As Bernanke & Co prime the pump for the next financial disaster, I cannot think of a more damning indictment of the way monetary policy has been run in this country over the past few decades than this graph. It is the real Fed Funds rate, or the Fed Funds target less CPI.
Since 2000, the real Fed Funds rate has been below zero an astonishing 45% of the time. The average rate has been 0.16%.
Bernanke claims that the Fed bears no responsibility for the Housing Bubble, at least as it pertains to the operations of the Federal Open Market Committee. Such stunning cluelessness gives investors no confidence in the authorities' ability to not destroy it's citizens wealth.

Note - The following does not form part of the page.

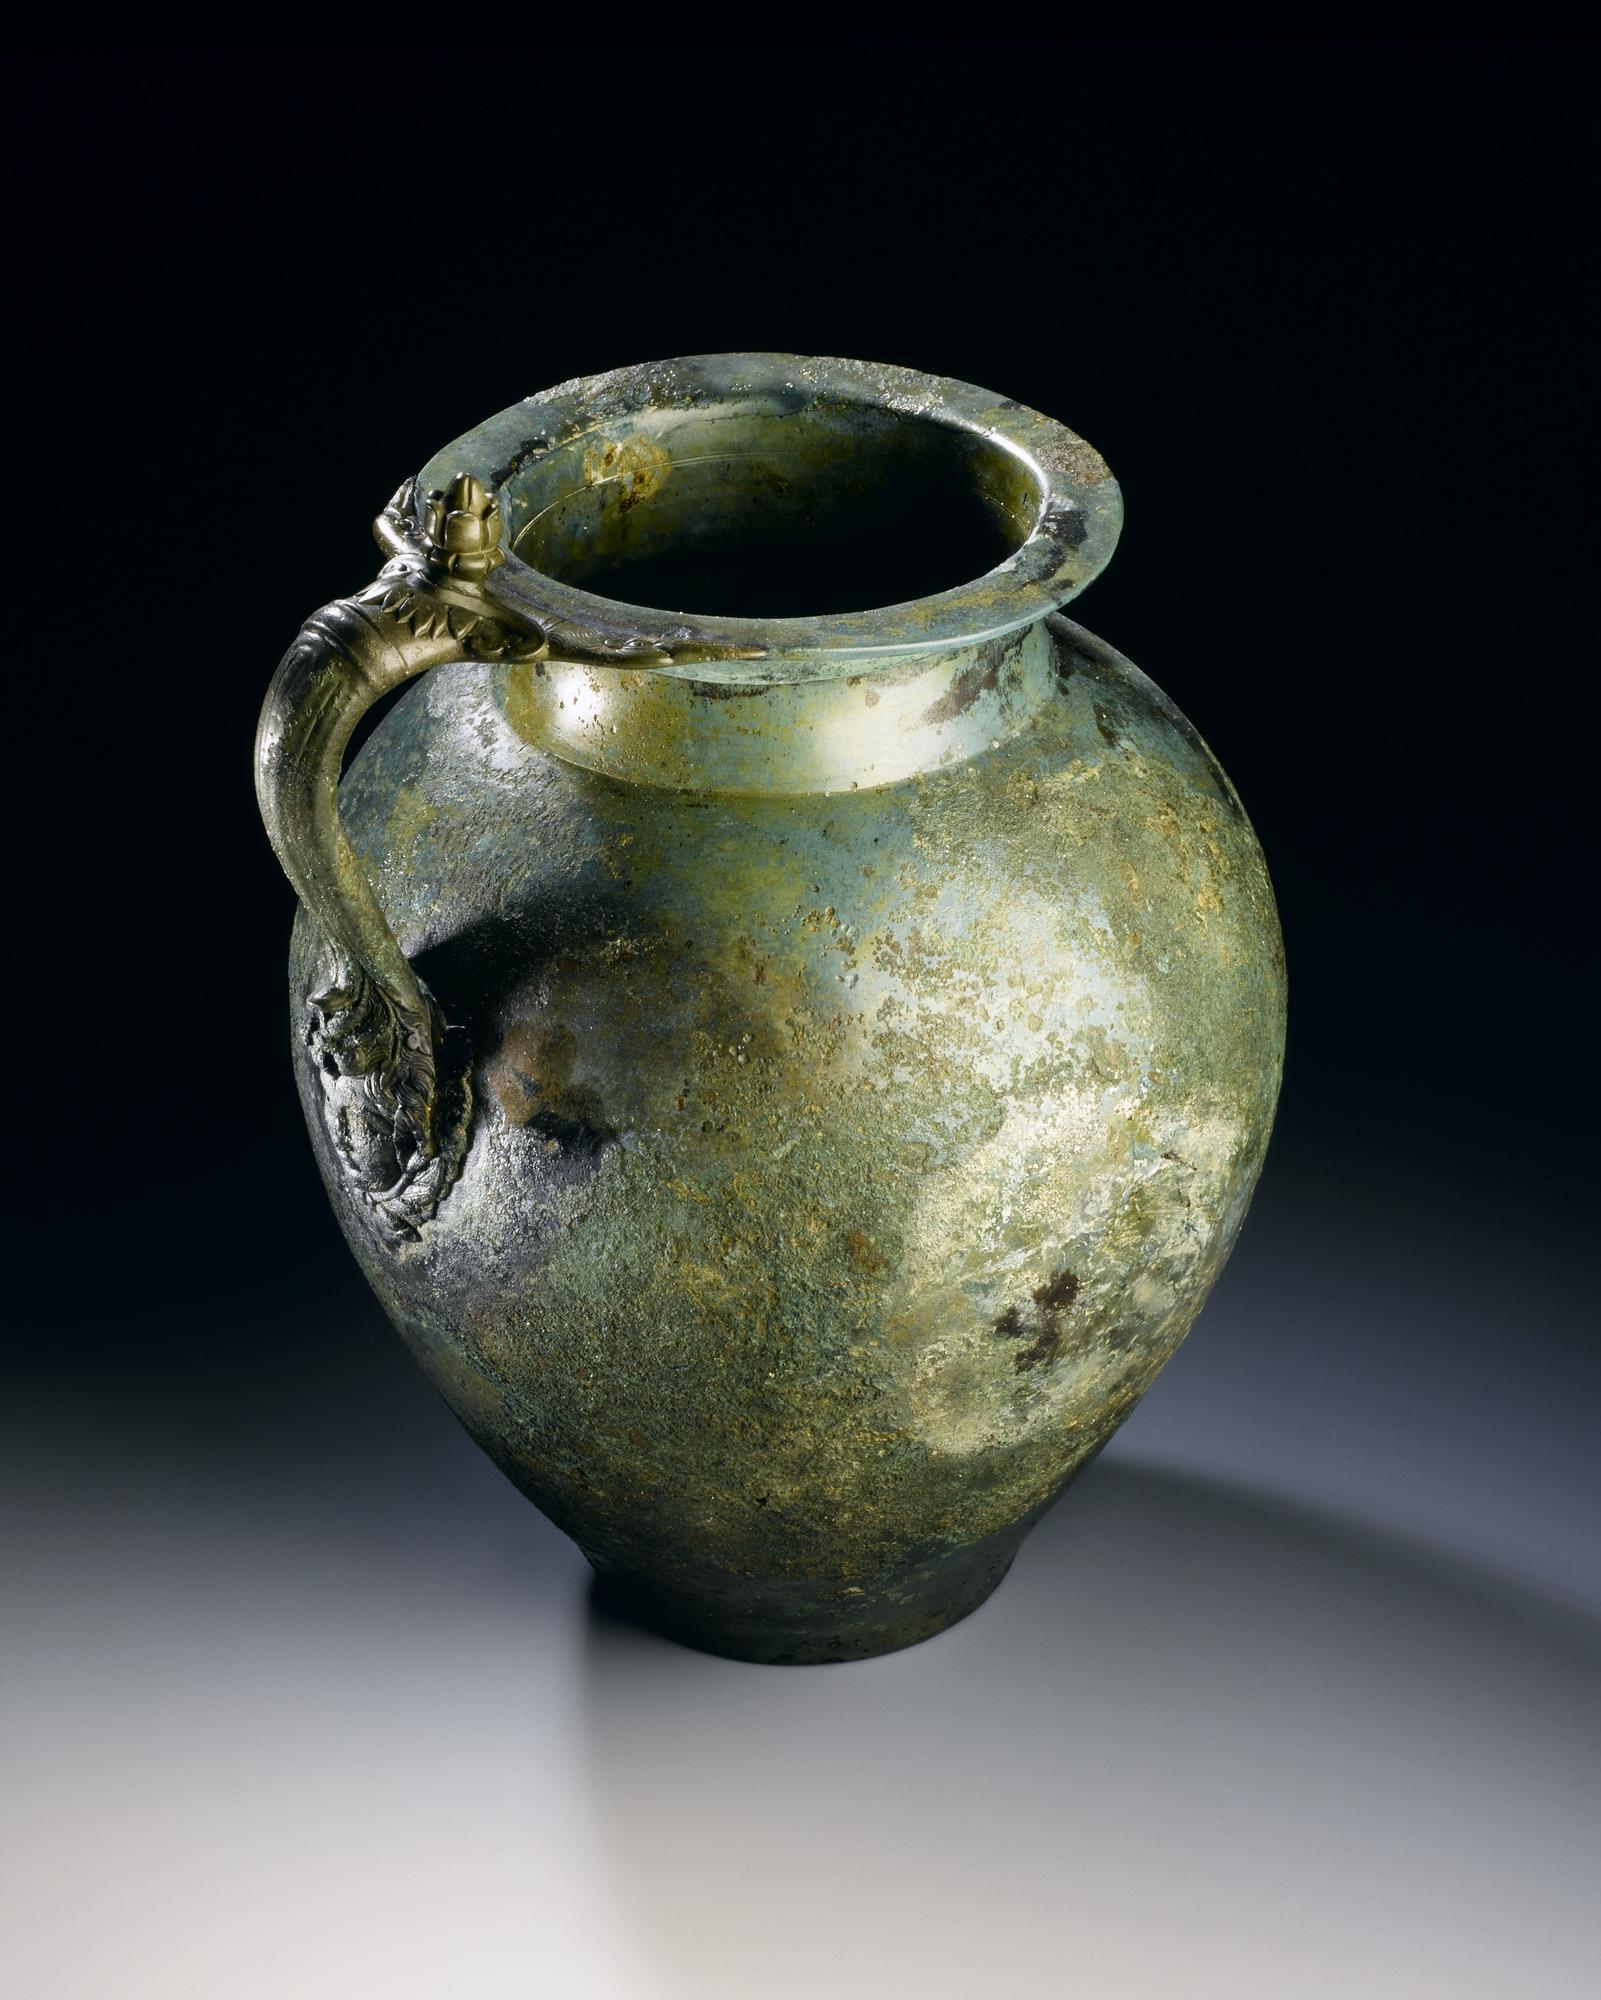 Image of Large bronze wine jug, the handle is decorated at the rim with a lotus bud between two birds heads

Marx said that history repeats itself, first as tragedy, then as farce. Twelve years into the asset-driven economy, we are now in the stage of multiple farce.
For the record, I went net short yesterday.
Woe betide anyone who apes what I write on the Internet!
Posted by: Toro | March 16, 2010 at 09:20 PM
An humble question for our Woe Bestower (a.k.a. Toro):
Short fixed income?
Short risk assets?
Short everything (like Mellon's famous "Liquidate Everything!" comment)?
If you're short the Holy Glod, then yer a Woe Bestowing Blasphemer.
Posted by: psychodave | March 17, 2010 at 07:55 AM
Net short equities. I own stocks and have bought inverse ETFs. But this is a short-term trade, i.e. a reversal of 8%-10%.
Oddly, I was up today and am up this week as I've had a few of my smaller stocks explode higher.
T.
Posted by: Toro | March 17, 2010 at 06:19 PM
"Oddly, I was up today and am up this week as I've had a few of my smaller stocks explode higher."
Is that net short then? Or long/short? thanks
It is my feeling that this market will go very expensive again on intense speculation.
I just went through a bullish speculator's blog, and the guy (although experienced and who call himself a contrarian) answers to his comentators with things like "get lost". The guy is overly bullish and very confident we will retest the highs of 2007 on S&P this year. I hope we go higher than that so that we can implode afterwards.
Posted by: dacian | March 18, 2010 at 05:11 AM
"a few of my smaller stocks explode higher"
Thank you for the "higher" adverb ... I never know with those pesky little critters.